"Do you mean what you say?" exclaimed Pauline almost indignantly.
He bent his head and looked at her intently, for a moment, with a covert play of mirth under the crisp, dark flow of his mustache.
"I am afraid that I do," he replied, with another laugh.
"Then you think this grand American hospitality of which you have just spoken to be a failure—a sham?"
"No, no—far from that," he said rapidly, and with recurring seriousness. "I was only going back to the dark side of the question—that is all. You know, I told you it had both its dark and its bright side.... Come, let us leave this rabble. You have not really seen the Battery yet. Its true splendors lie just beyond...."
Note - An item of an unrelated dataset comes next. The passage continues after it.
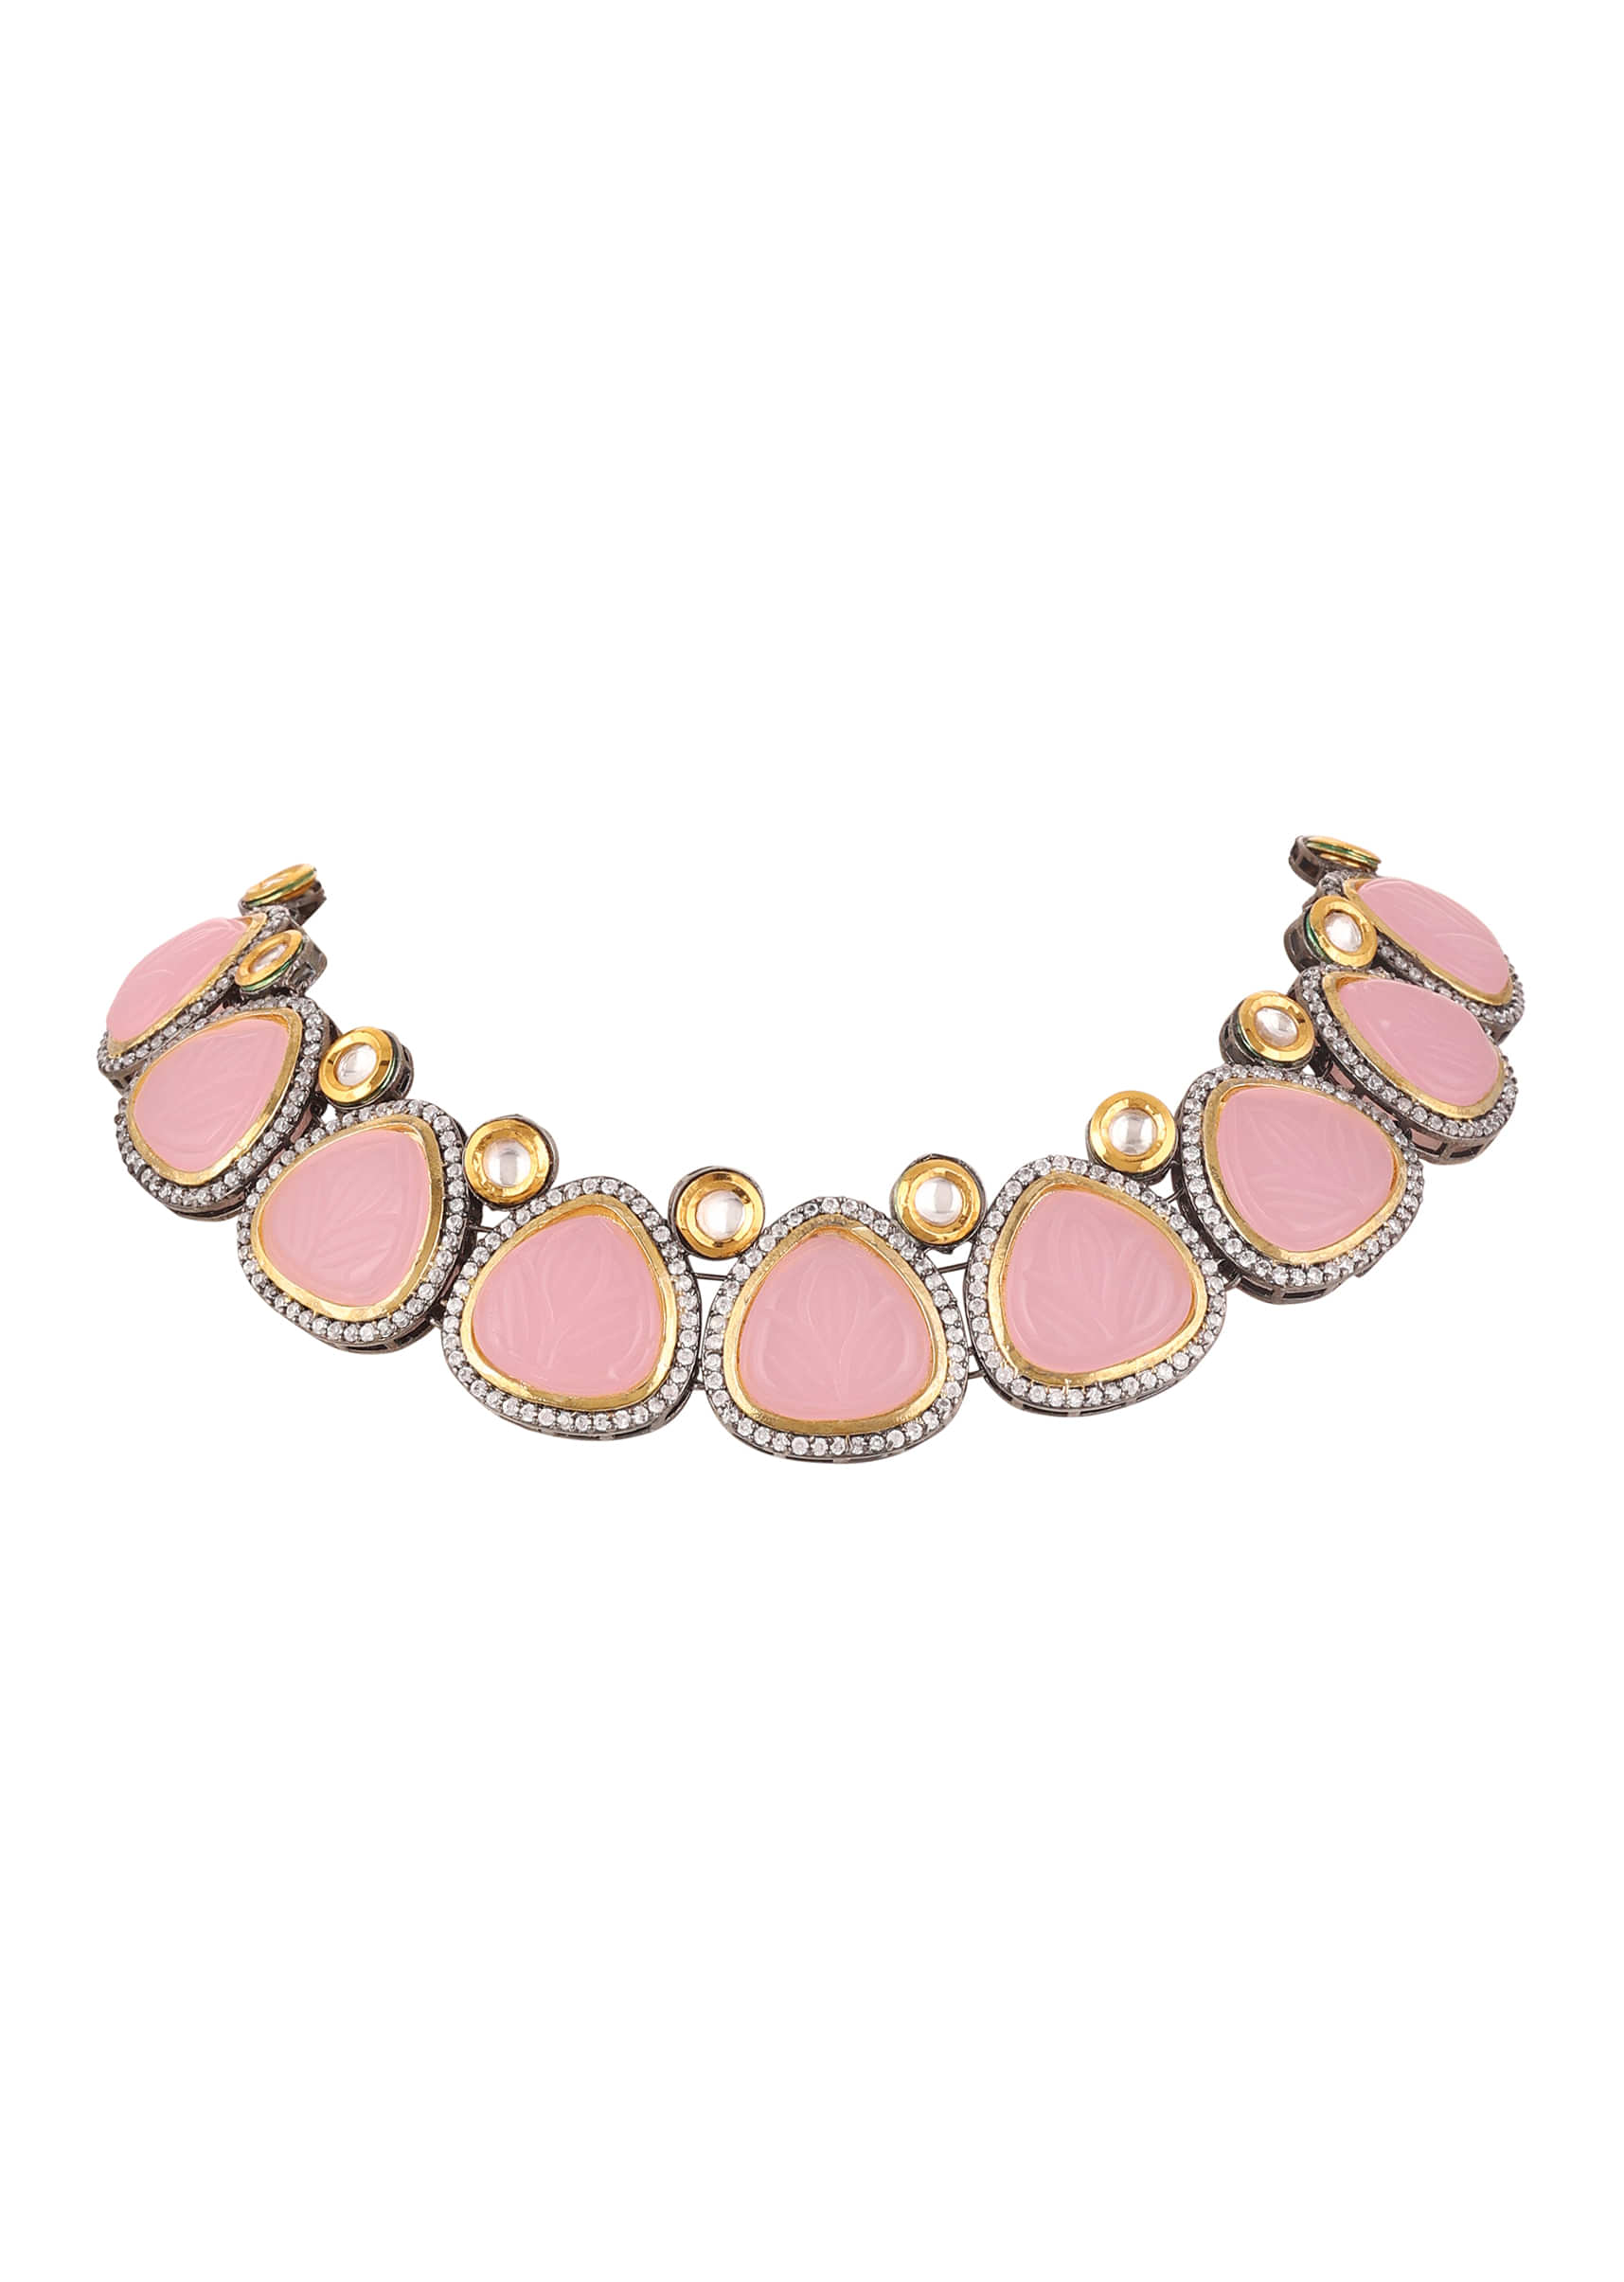 Carved Pink Stone Necklace Edged In Swarovski And Kundan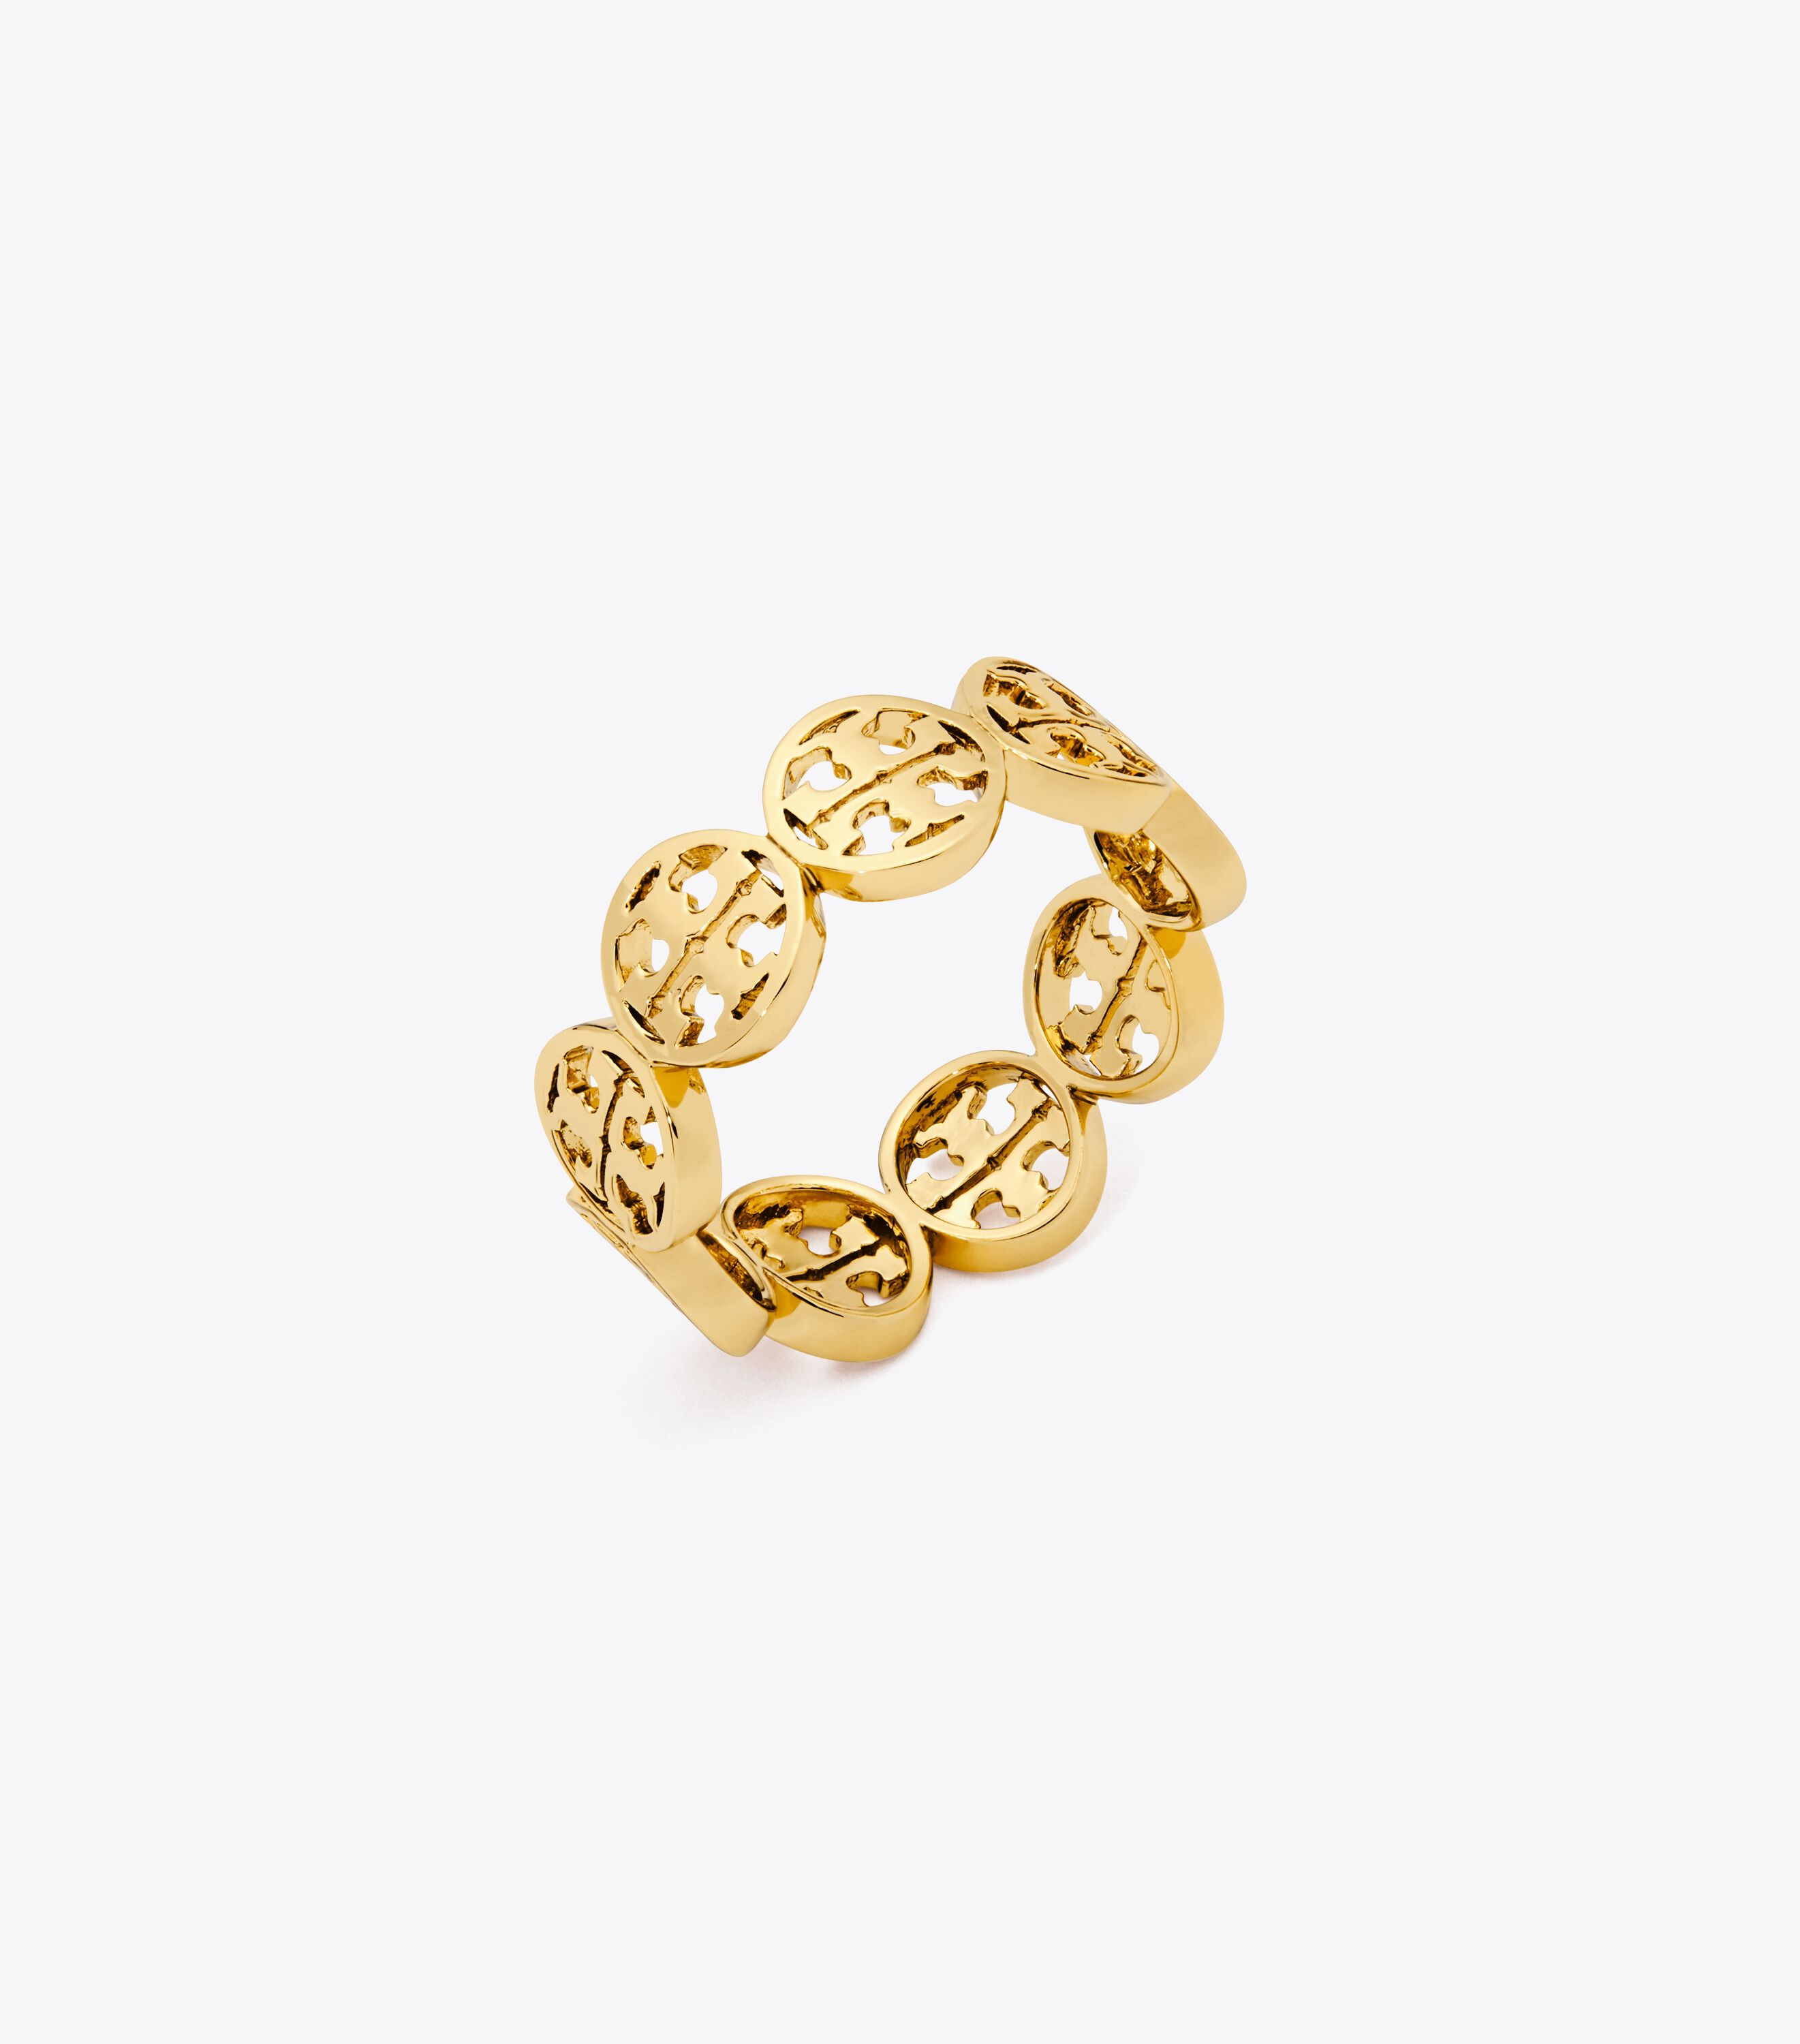 TORY BURCH Ring MILLER in gold

They were presently strolling along the stone-paved esplanade, with its granite posts connected by loops of one continuous iron chainwork. To the south they had a partial view of Brooklyn, that city which is a sort of reflective and imitative New York, with masts bristling from her distant wharves and more than a single remote church-spire telling of the large religious impulse which has given her a quaint ecclesiastical fame. But westward your eye could traverse the spacious bay until it met the dull-red semicircle of Fort Columbus, planted low and stout upon the shore of Governor's Island, and the soft, swelling, purplish hills of Staten Island, where they loomed still further beyond. Boats of all shapes and kinds were passing over the luminous waters, from the squat, ugly tug, with its hoarse whistle, to the huge black bulk of an Atlantic steamer, bound for transpontine shores and soon to move majestically oceanward through the fair sea-gate of the Narrows. A few loiterers leaned against the stone posts, and a few more lounged upon the seats ranged further inland along this salubrious marine promenade. Back among the turfy levels that stretched broadly between the flagged pathways, you saw the timorous green of hardy grass, where an occasional pale wreath of unmelted snow yet lingered. People were passing to and fro, with steps that rang hollow on the hard pavement. If you listened intently you could catch a kind of dreamy hum from the vast city, which might almost be said to begin its busy, tumultuous life here in this very spot, thence pushing through many a life-crowded street and avenue, sheer on to the rocky fields and goat-haunted gutters of dreary Harlem.
"What a glorious bay it is!" exclaimed Kindelon, while he and Pauline stood on the breezy esplanade. "There never was a city with more royal approaches than New York."
"That fort yonder," said Pauline, "will perhaps thunder broadsides, one day, at the fleet of an invading enemy. This is still such a young city compared with those of other lands.... I suppose these waters, centuries later, will see grand sights, as civilization augments."
"Perhaps they may see very mournful ones," objected Kindelon.
"But you are an evolutionist," declared Pauline, with a priggish little pursing of the lips that he found secretly very amusing. "You believe that everything is working toward nobler conditions, though you laughed at Leander Prawle, the optimistic poet, the other evening, for his roseate prophecies about the human race."